What you have to do:
Begin at the line with "深さ苦痛引っ張るSlibeaut(スリビュート)~ダイエットサポートサプリ~" and set down each line exactly until the listing ends. Images stay out.

Supplied information:
Content starts

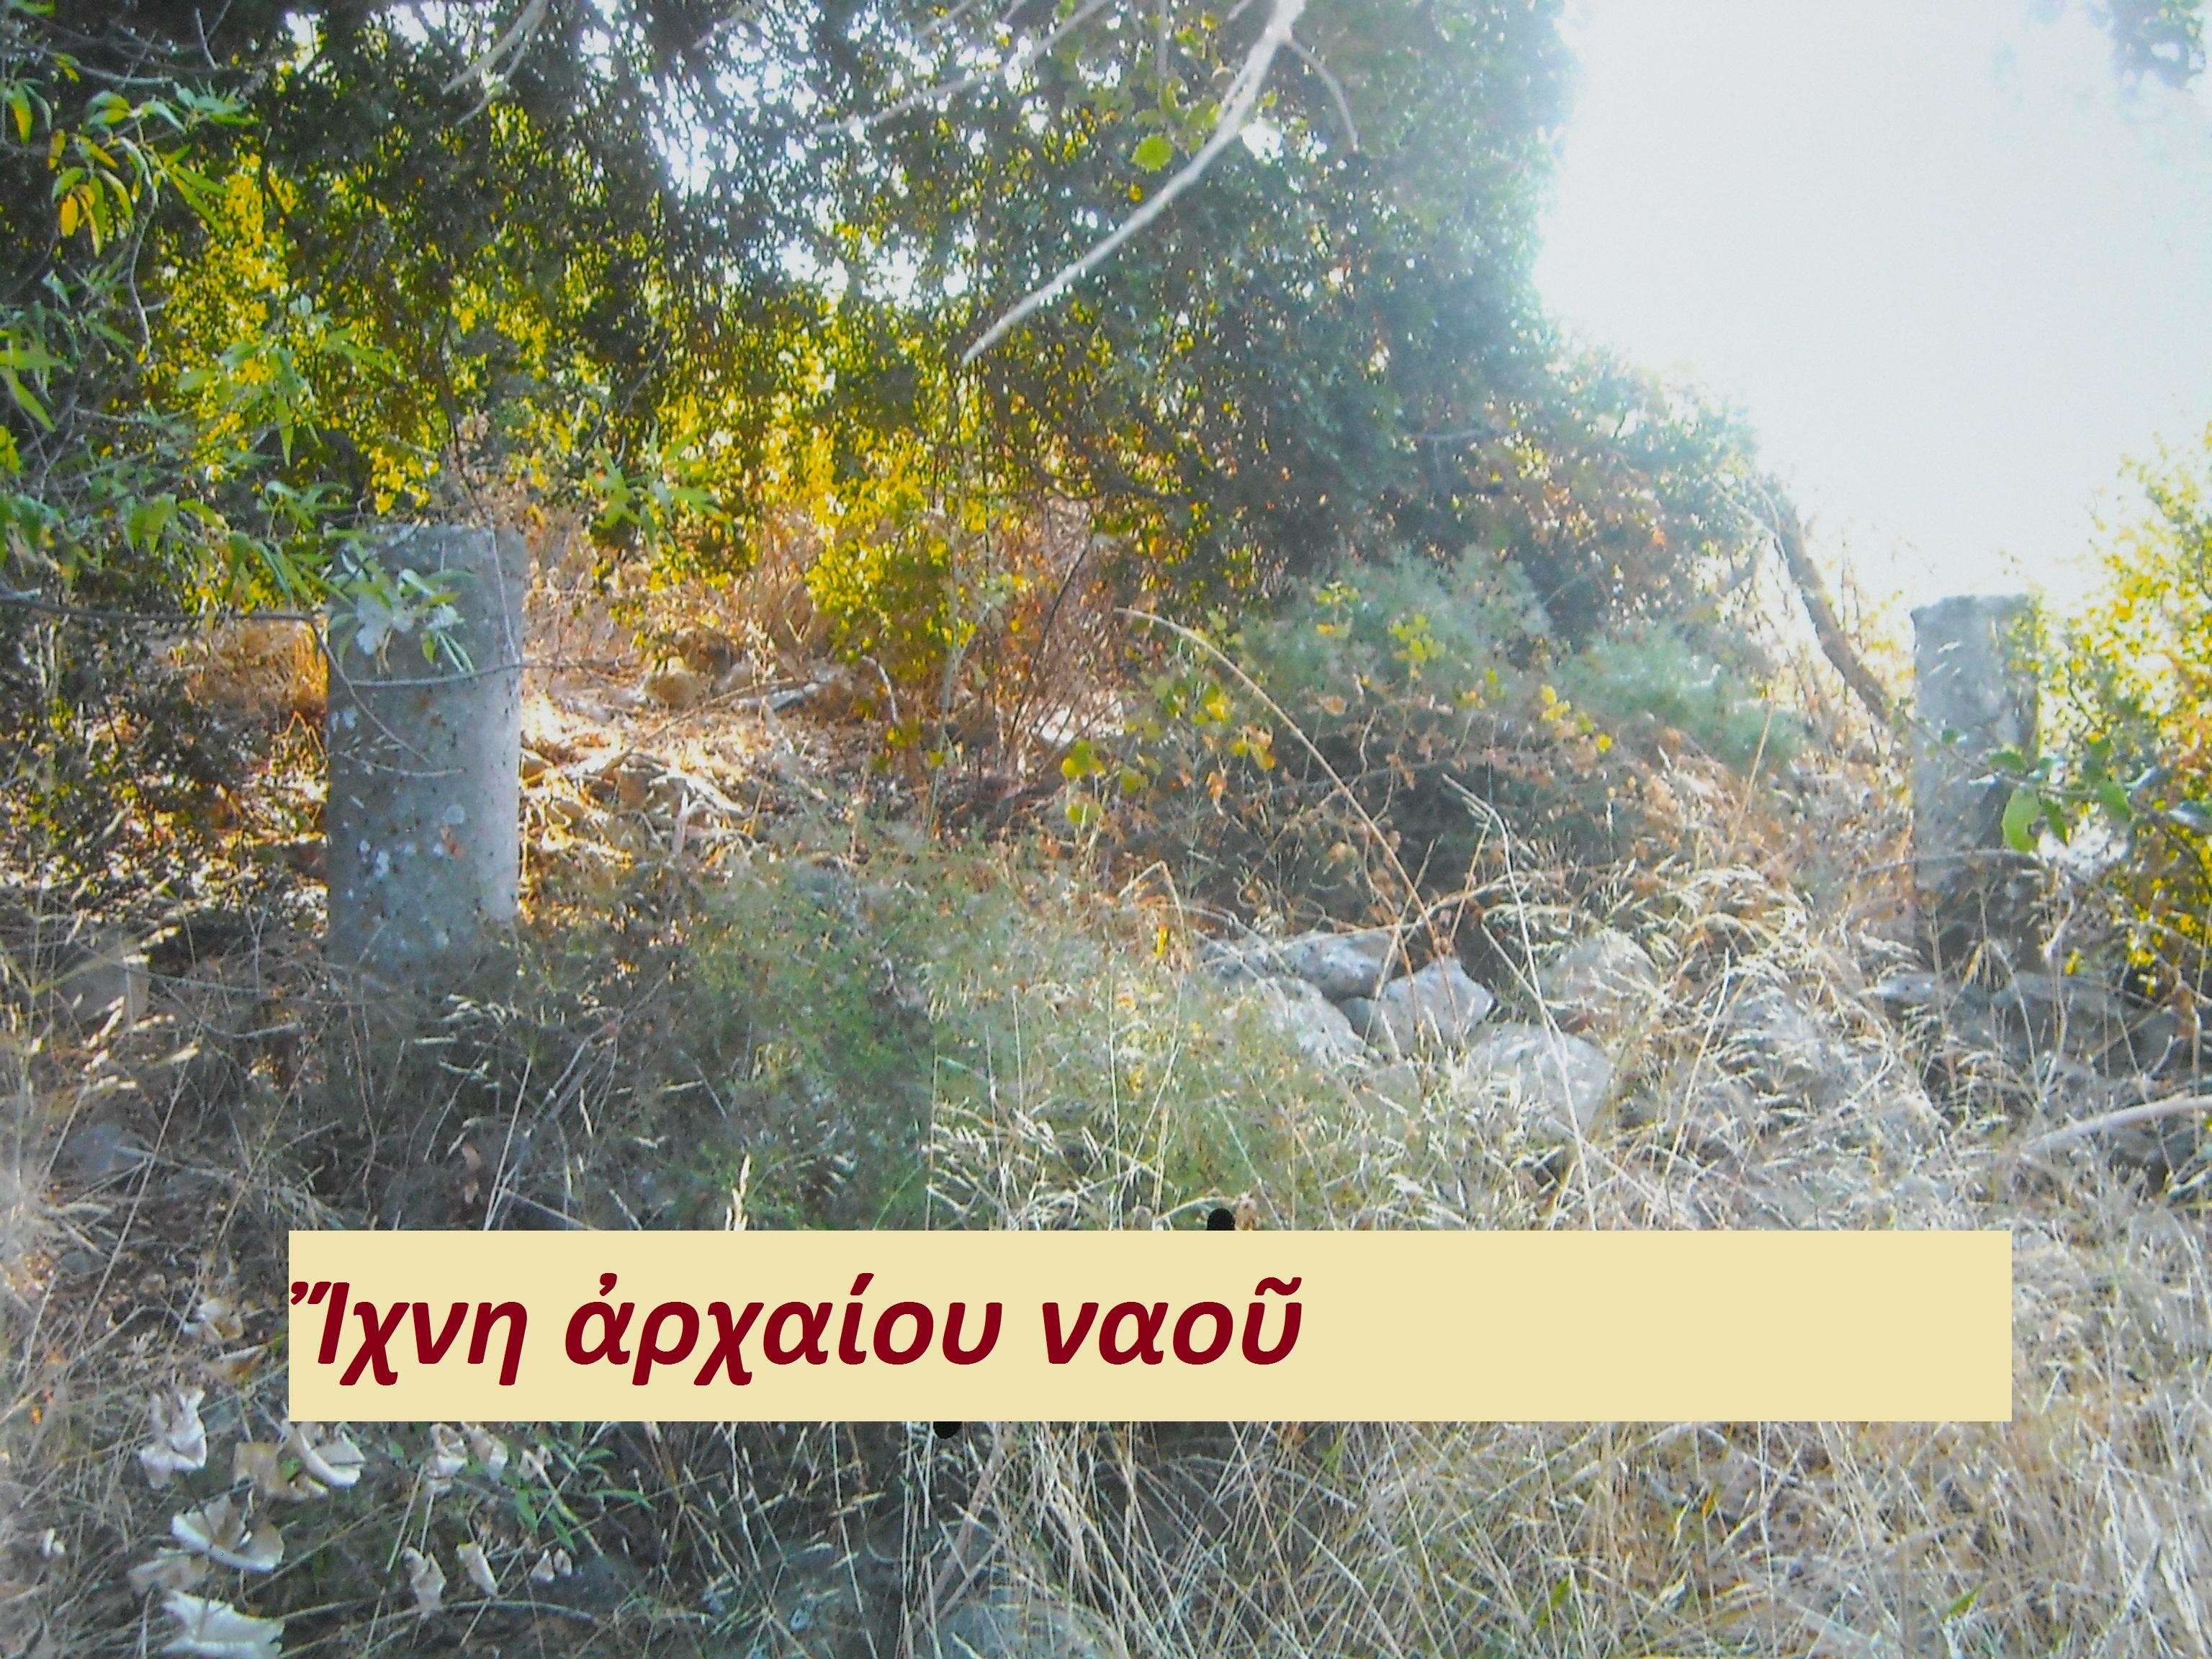 Ἡ ἀρχαία Κυρτώνη καὶ ἡ ἔρις γιὰ τὴν θέση της.13
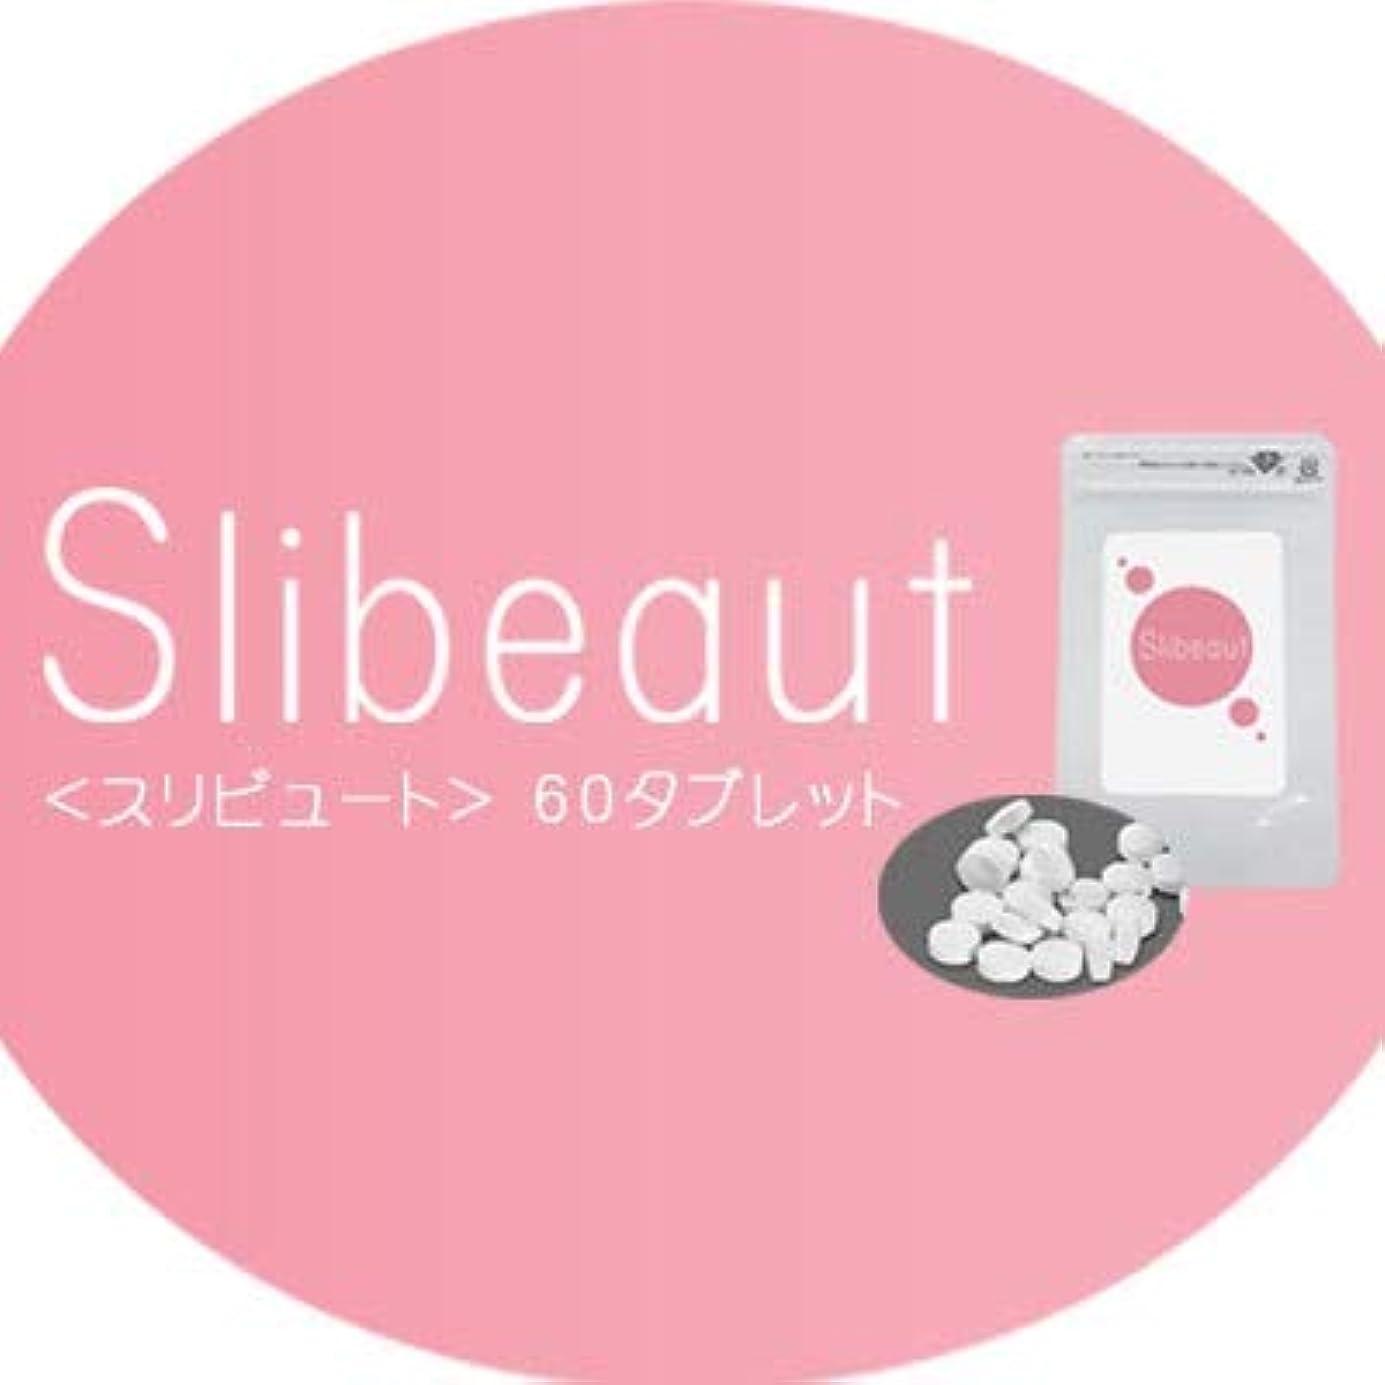 深さ苦痛引っ張るSlibeaut(スリビュート)~ダイエットサポートサプリ~
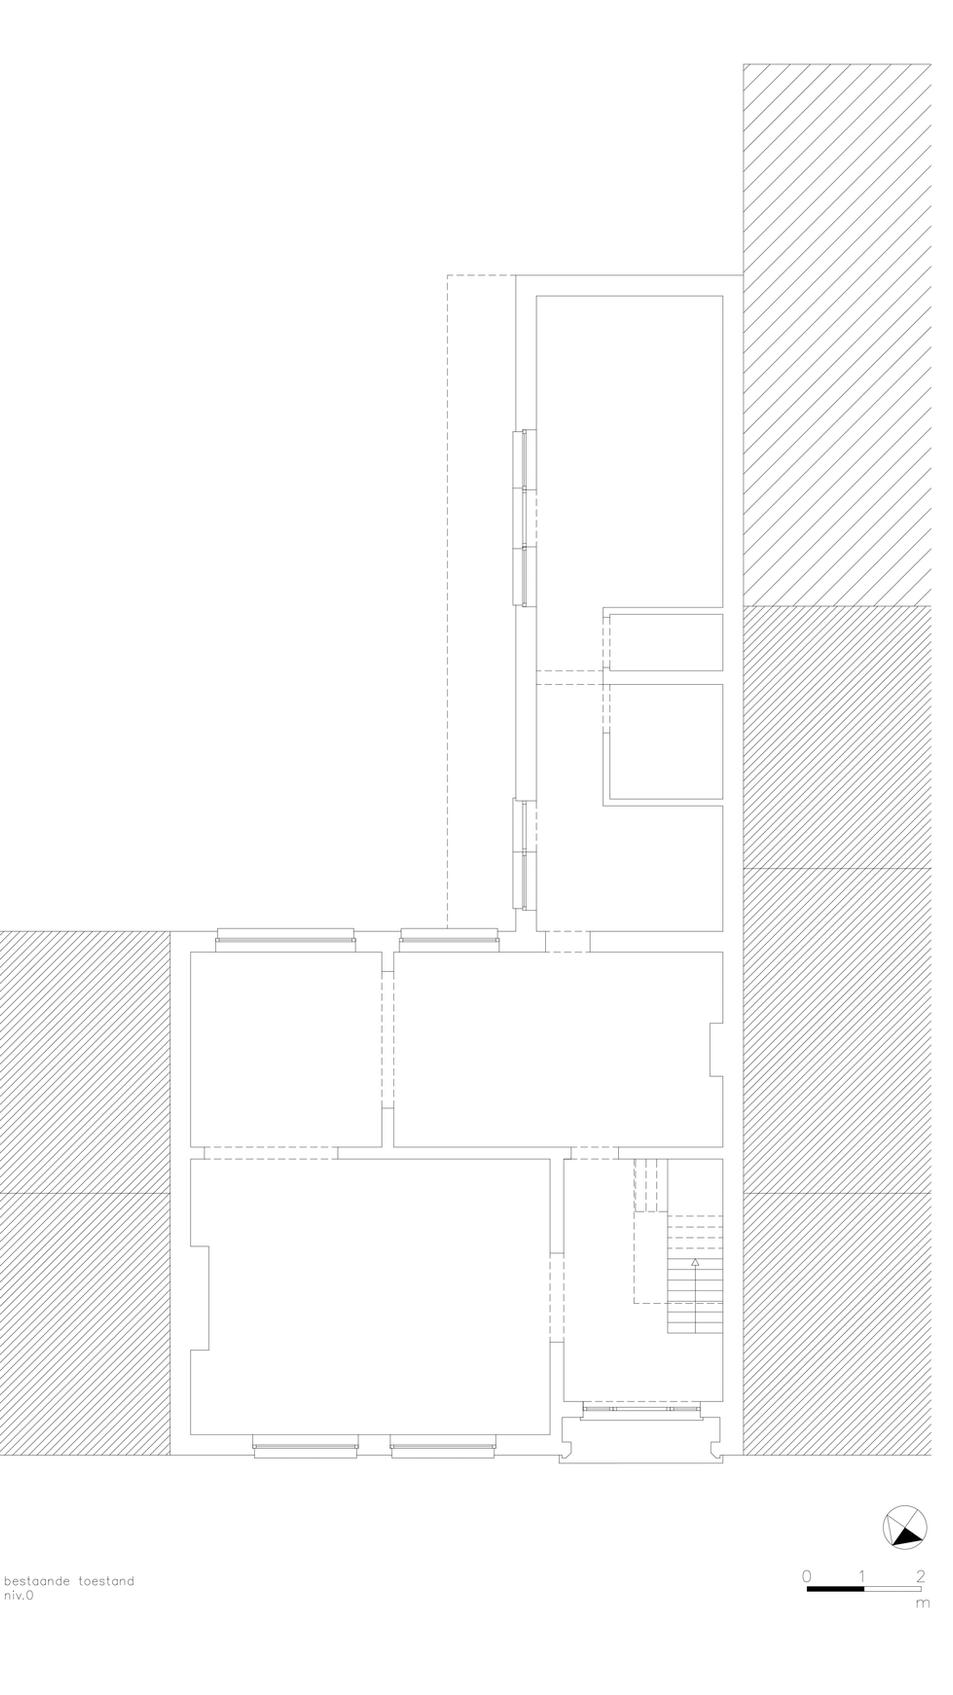 KG19_BT_grondplan.png

Content ends

Output of the exercise:
 深さ苦痛引っ張るSlibeaut(スリビュート)~ダイエットサポートサプリ~
 KG19_BT_grondplan.png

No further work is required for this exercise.